As Shanti Dairiam pointed
out the CEDAW Convention secured a normative framework of substantive equality for women. This has been re-emphasised with all relevant examples of CEDAW General Recommendations and Concluding Observations in the CEDAW Commentary, Oxford University Press, 2012 and in my article on Gender and Democratic Citizenship – Confronting Traditionalism and Neo-liberalism: the Impact of CEDAW, Cardozo L. Rev., 10 International Journal of Constitutional Law 512 (2012).
It is of immediate importance to reassert women's universal human right to substantive equality. Other values such as equity, complementarity and human dignity allow interpretation which is consonant with traditional patriarchal values and does not secure equality for women, either in the public space or in the family. Equity, complementarity and human dignity can only be properly understood where they are well founded on women's right to equality and interpreted in accordance with women's universal right to equality.
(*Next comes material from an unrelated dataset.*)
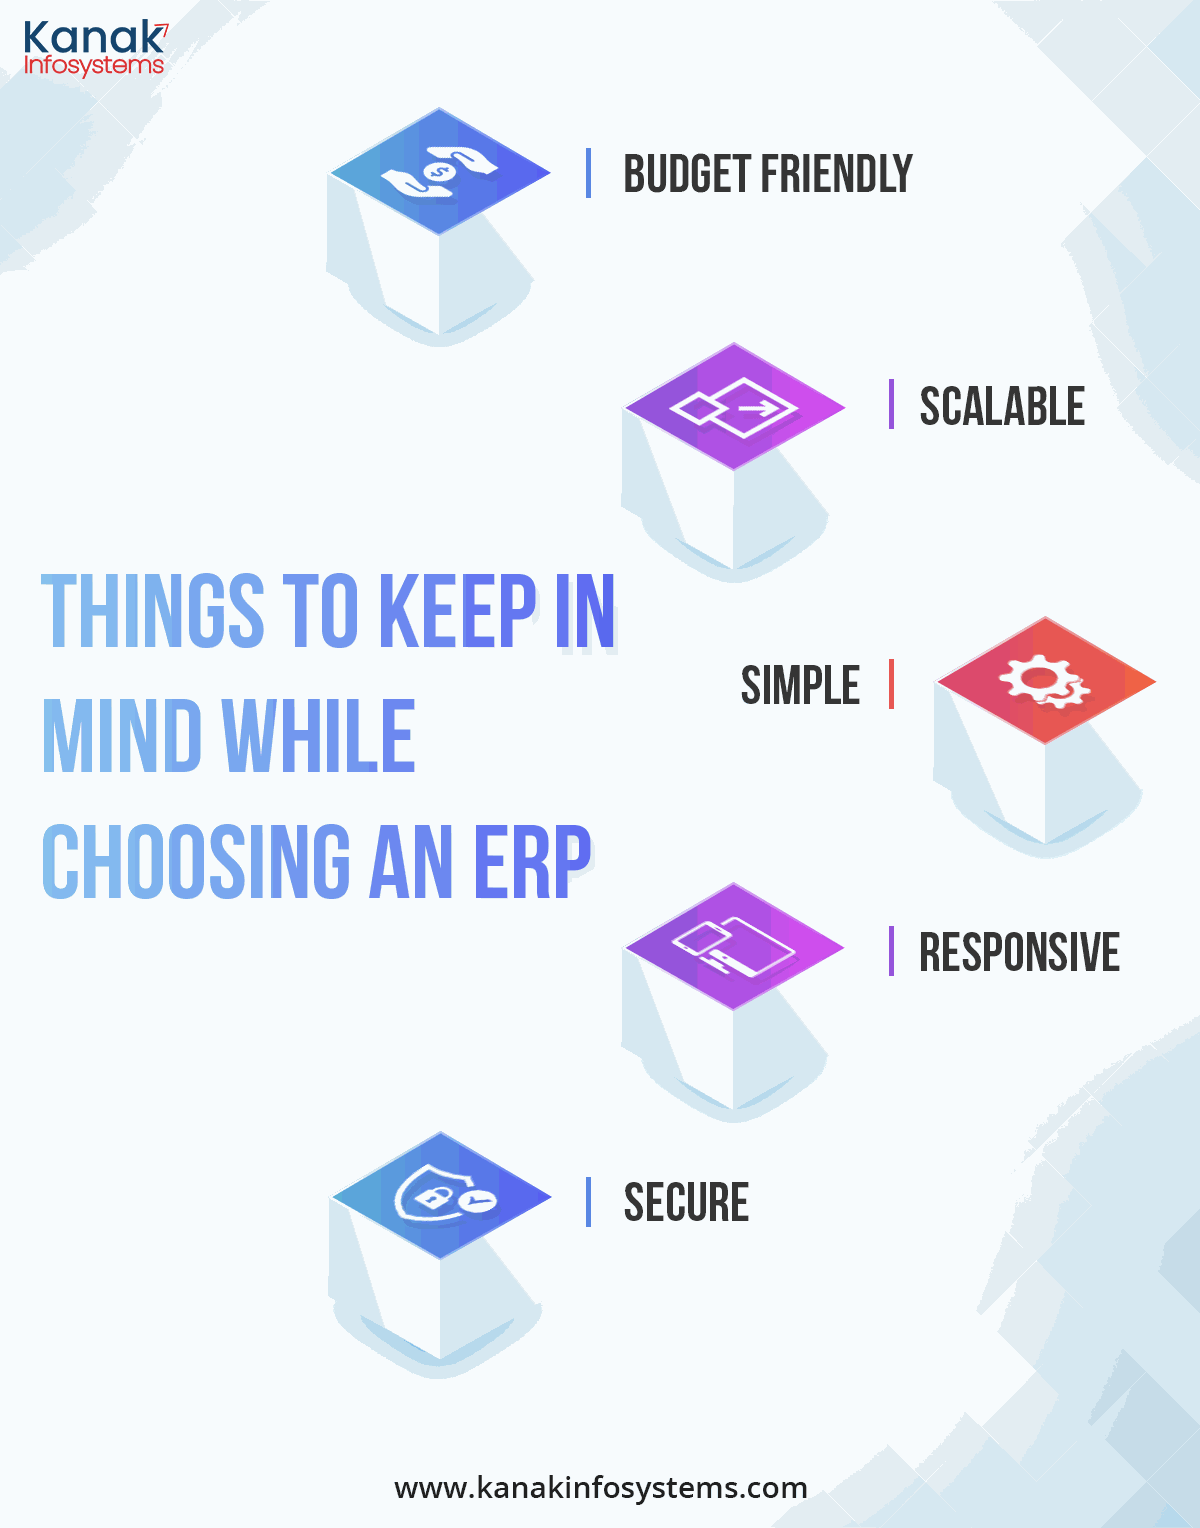 Things to keep in mind while choosing an ERP

The immediate relevance of this issue is evident in the resolutions, in 2010 and 2012, of the Human Rights Council to restore traditional values to the interpretation of international human rights. Furthermore, last Friday the Human Rights Council adopted a resolution on the Protection of the Family.
This resolution on Protection of the Family fails to recognise the diversity of families or to include any reference to the right to equality within the family. The former problem regarding the failure to recognise diverse families was the chief concern expressed by those states which opposed the resolution or proposed amendments to it.
However, the second problem - the failure to assert the right to equality for family members within the family - seems to have passed under the radar of the opponents to the resolution.Since the 1948 UDHR and as later detailed in CEDAW article 16, human rights regulation of the family has recognised the individual rights of family members to equality within families: "equal rights as to marriage, during marriage and at its dissolution".The absence of an equality clause in the resolution threatens the loss of this essential fundamental right, especially for women and girl children. What women and girls must be guaranteed within the family is first and foremost equality.